# Create a Feedback Dataset

The Feedback Task datasets allow you to combine multiple questions of different kinds, so the first step will be to define the aim of your project and the kind of data and feedback you will need to get there. With this information, you can start configuring a dataset and formatting records using the Python client.

This guide will walk you through all the elements you will need to configure to create a `FeedbackDataset` and add records to it.

<div class="alert alert-info">

Note

To follow the steps in this guide, you will first need to connect to Argilla. Check how to do so in our [cheatsheet](../../../getting_started/cheatsheet.md#connect-to-argilla).
</div>


## Define record `fields`
A record in Argilla refers to a data item that requires annotation and can consist of one or multiple fields i.e., the pieces of information that will be shown to the user in the UI in order to complete the annotation task. This can be, for example, a prompt and output pair in the case of instruction datasets.

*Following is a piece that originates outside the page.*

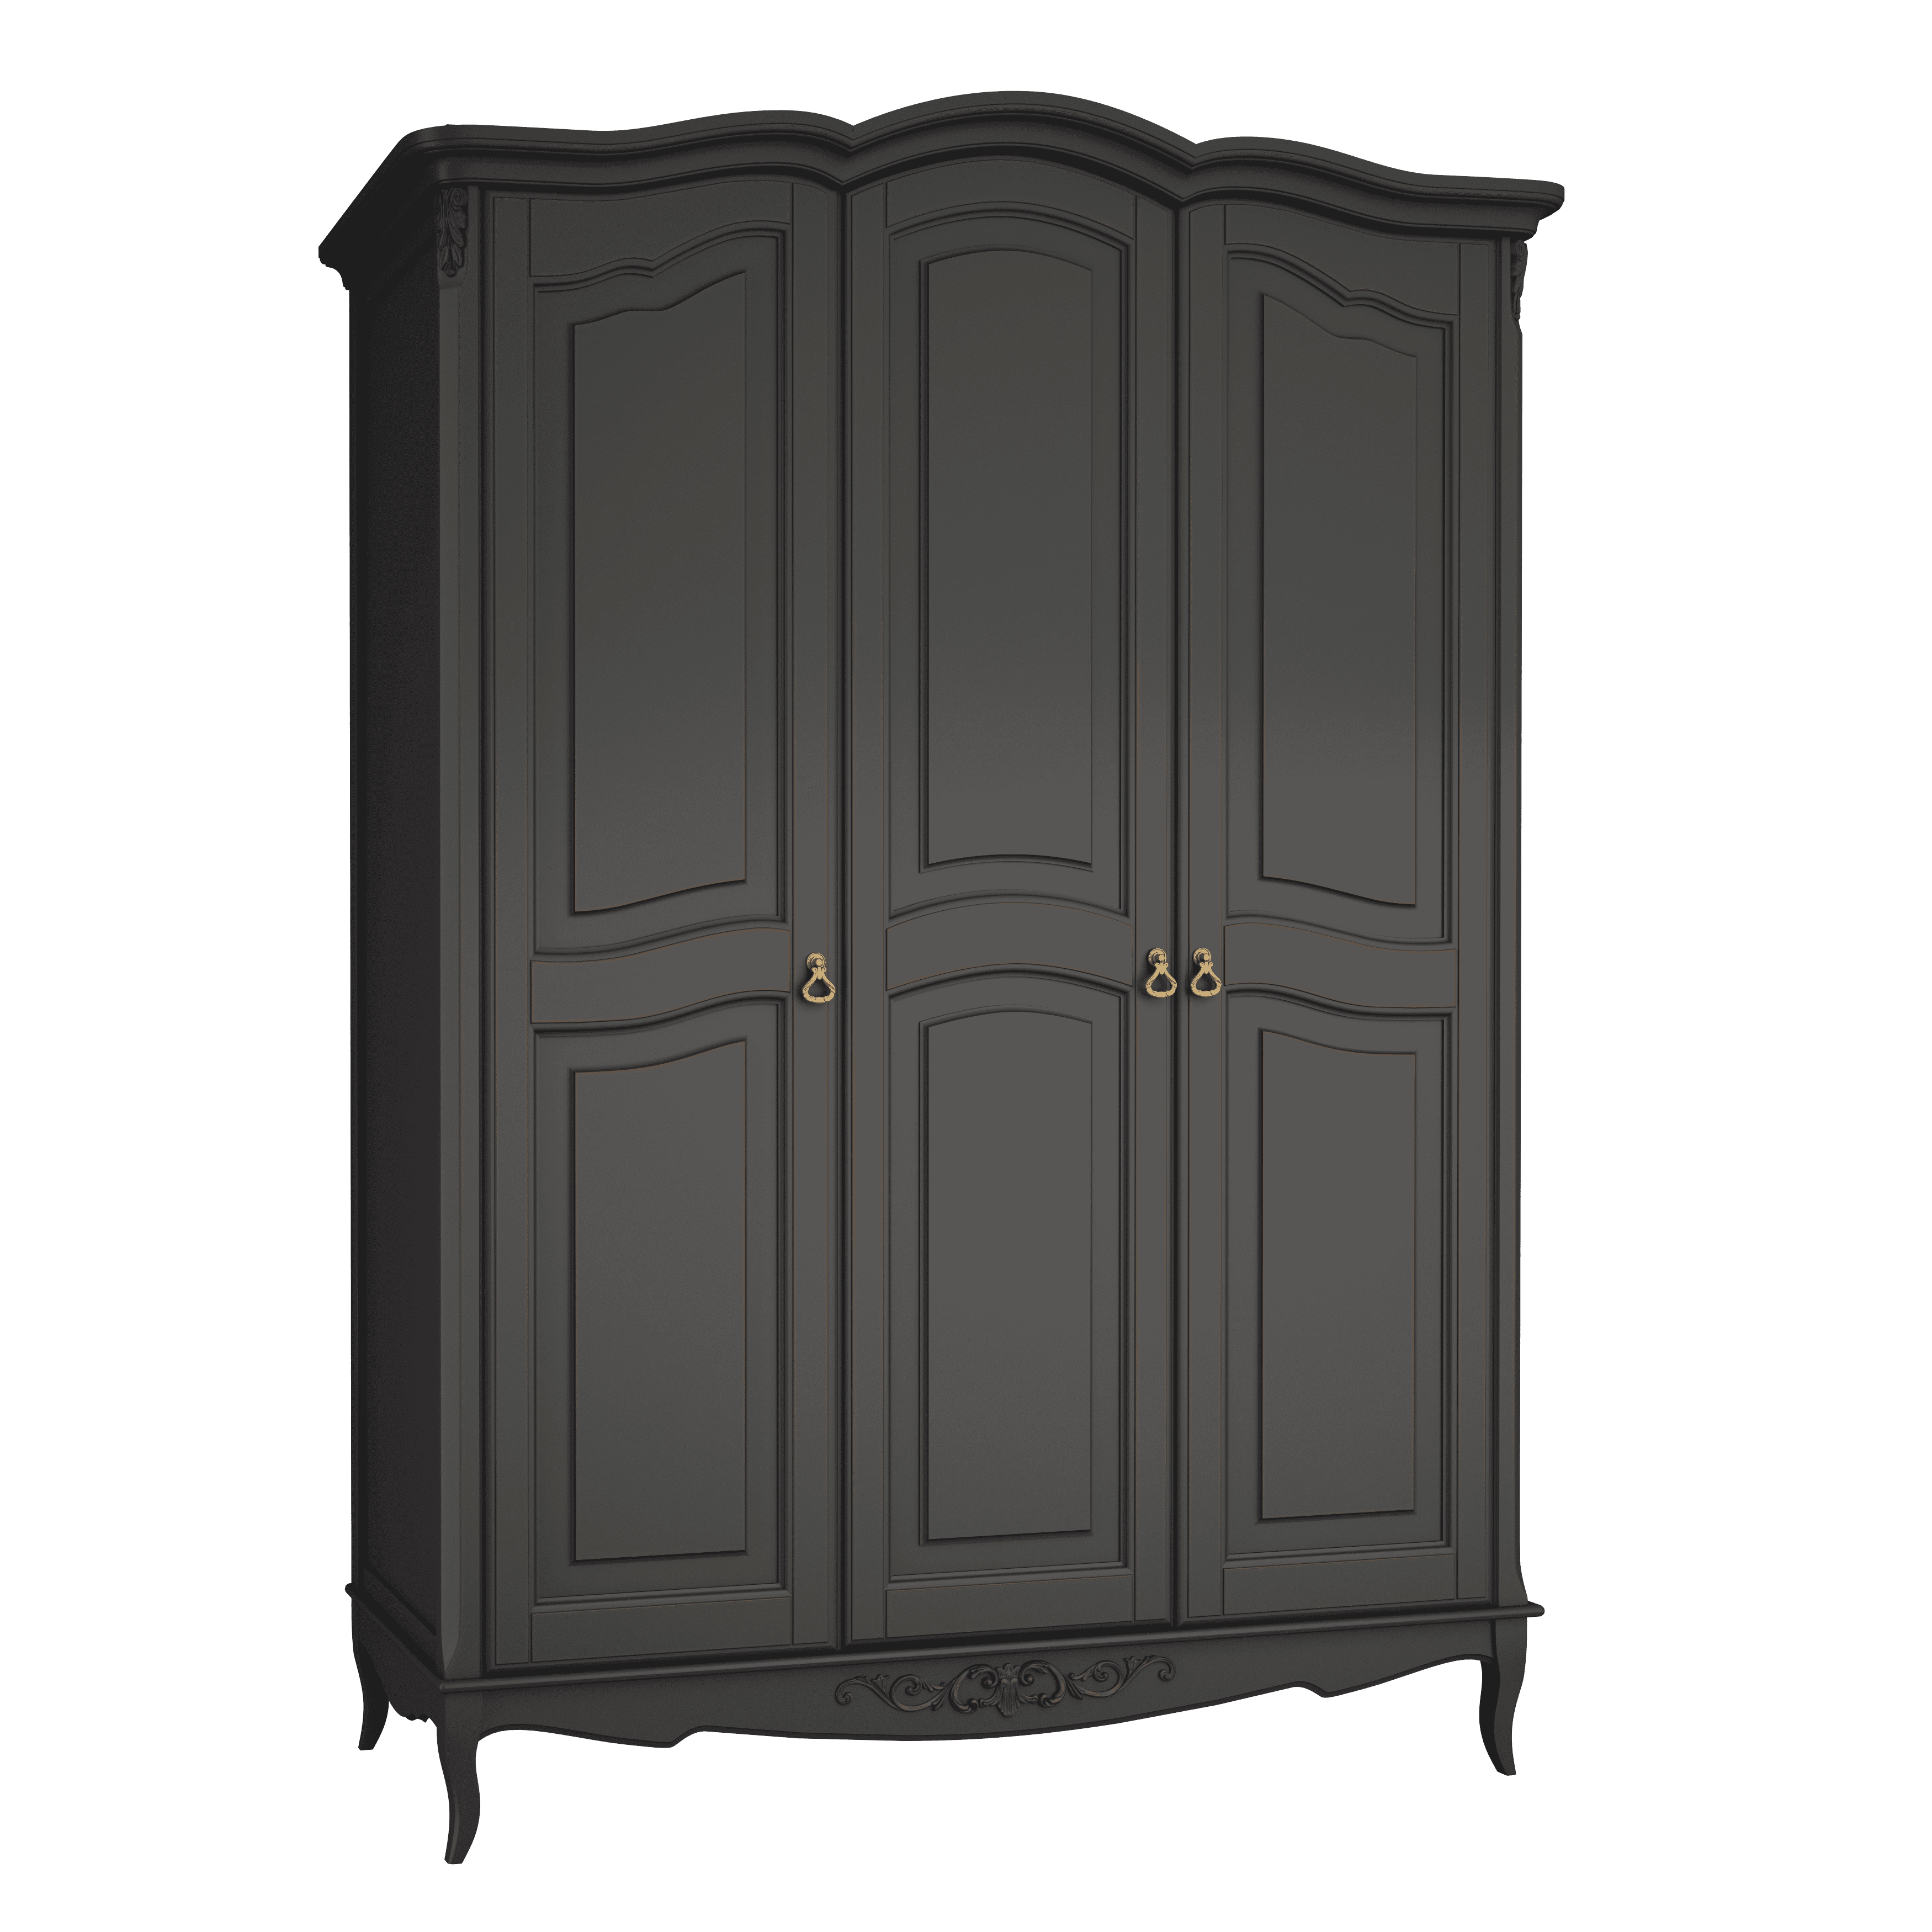 Шкаф платяной Aletan Provence, 3-х дверный, цвет: черный, размер 162х66х223 (B803BL)B803BL

As part of the `FeedbackDataset` configuration, you will need to specify the list of fields to show in the record card. As of Argilla 1.8.0, we only support one type of field, `TextField`, which is a plain text field. We have plans to expand the range of supported field types in future releases of Argilla.

You can define the fields using the Python SDK providing the following arguments:

- `name`: The name of the field, as it will be seen internally.
- `title` (optional): The name of the field, as it will be displayed in the UI. Defaults to the `name` value, but capitalized.
- `required` (optional): Whether the field is required or not. Defaults to `True`. Note that at least one field must be required.

In [None]:
fields = [
    rg.TextField(name="question", required=True),
    rg.TextField(name="answer", required=True),
]

<div class="alert alert-info">

Note

The order of the fields in the UI follows the order in which these are added to the `fields` attribute in the Python SDK.
</div>

## Define `questions`

To collect feedback for your dataset, you need to formulate questions. The Feedback Task currently supports the following types of questions:

- `RatingQuestion`: These questions require annotators to select one option from a list of integer values. This type is useful for collecting numerical scores.
- `TextQuestion`: These questions offer annotators a free-text area where they can enter any text. This type is useful for collecting natural language data, such as corrections or explanations.

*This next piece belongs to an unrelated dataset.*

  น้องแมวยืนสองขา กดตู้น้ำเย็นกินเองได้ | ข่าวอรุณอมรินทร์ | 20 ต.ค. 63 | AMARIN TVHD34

We have plans to expand the range of supported question types in future releases of the Feedback Task.

You can define your questions using the Python SDK and set up the following configurations:

- `name`: The name of the question, as it will be seen internally.
- `title` (optional): The name of the question, as it will be displayed in the UI. Defaults to the `name` value, but capitalized.
- `required` (optional): Whether the question is required or not. Defaults to `True`. Note that at least one question must be required.
- `description` (optional): The text to be displayed in the question tooltip in the UI. You can use it to give more context or information to annotators.

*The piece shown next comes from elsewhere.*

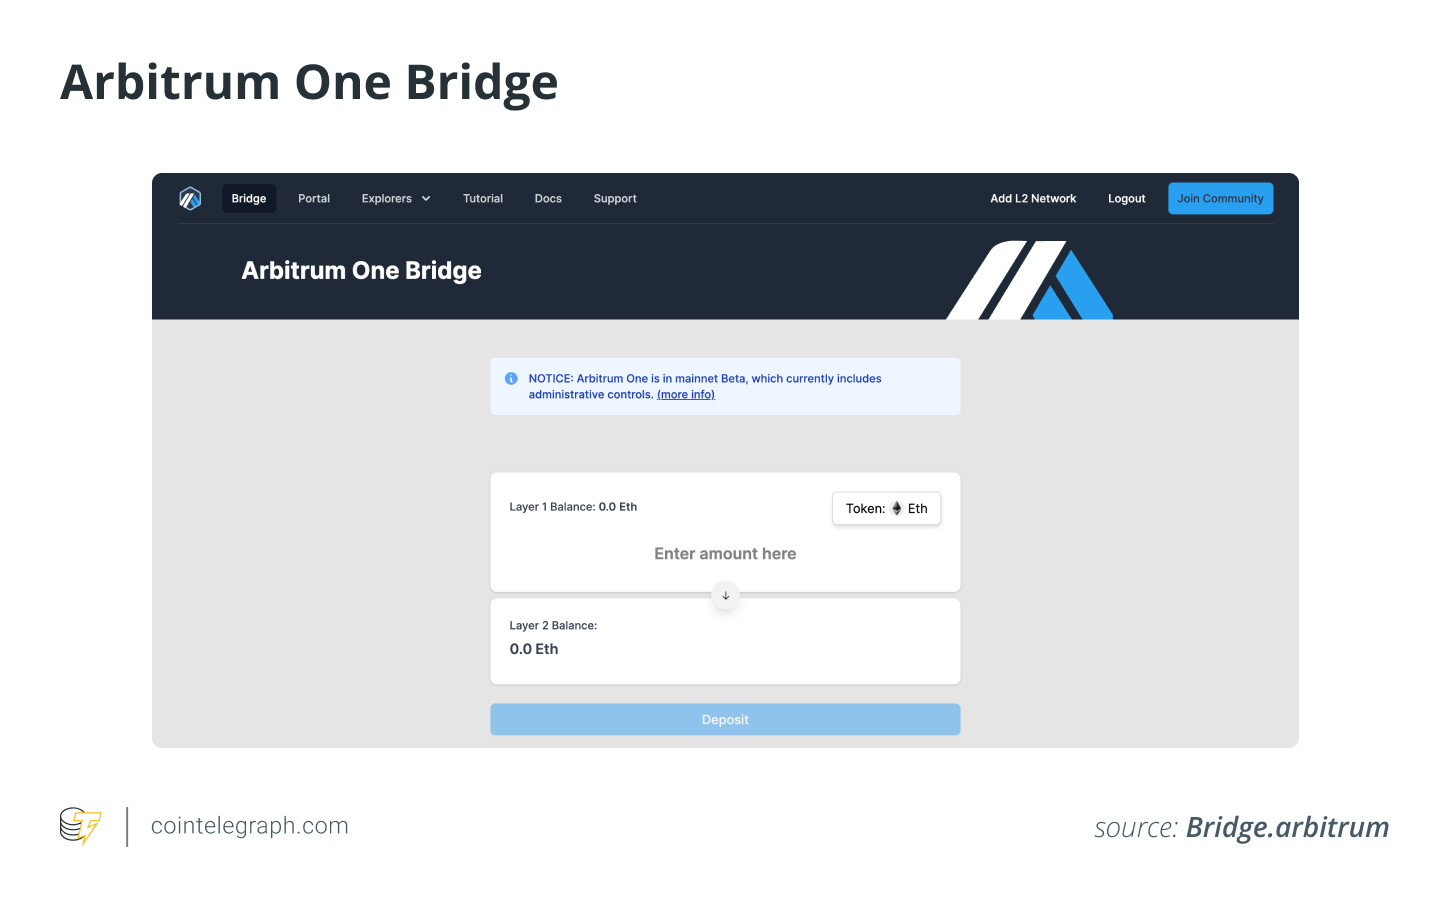 Arbitrum One Bridge

Additionally, if the question is a `RatingQuestion`, you'll also need to specify:

- `values`: The rating options to answer the `RatingQuestion`. It can be any list of unique integers. It doesn't matter whether these are positive, negative, sequential or not.

In [None]:
# list of questions to display in the feedback form
questions =[
    rg.RatingQuestion(
        name="rating", 
        title="Rate the quality of the response:", 
        description="1 = very bad - 5= very good",
        required=True,
        values=[1, 2, 3, 4, 5]
    ),
    rg.TextQuestion(
        name="corrected-text",
        title="Provide a correction to the response:",
        required=False
    )
]

<div class="alert alert-info">

Note

The order of the questions in the UI follows the order in which these are added to the `questions` atrribute in the Python SDK.
</div>

## Define `guidelines`

Once you have decided on the data to show and the questions to ask, it's important to provide clear guidelines to the annotators. These guidelines help them understand the task and answer the questions consistently. You can provide guidelines in two ways:

- In the dataset guidelines: this is added as an argument when you create your dataset in the Python SDK (see [below](#configure-the-dataset)). It will appear in the dataset settings in the UI.
- As question descriptions: these are added as an argument when you create questions in the Python SDK (see [above](#define-questions)). This text will appear in a tooltip next to the question in the UI.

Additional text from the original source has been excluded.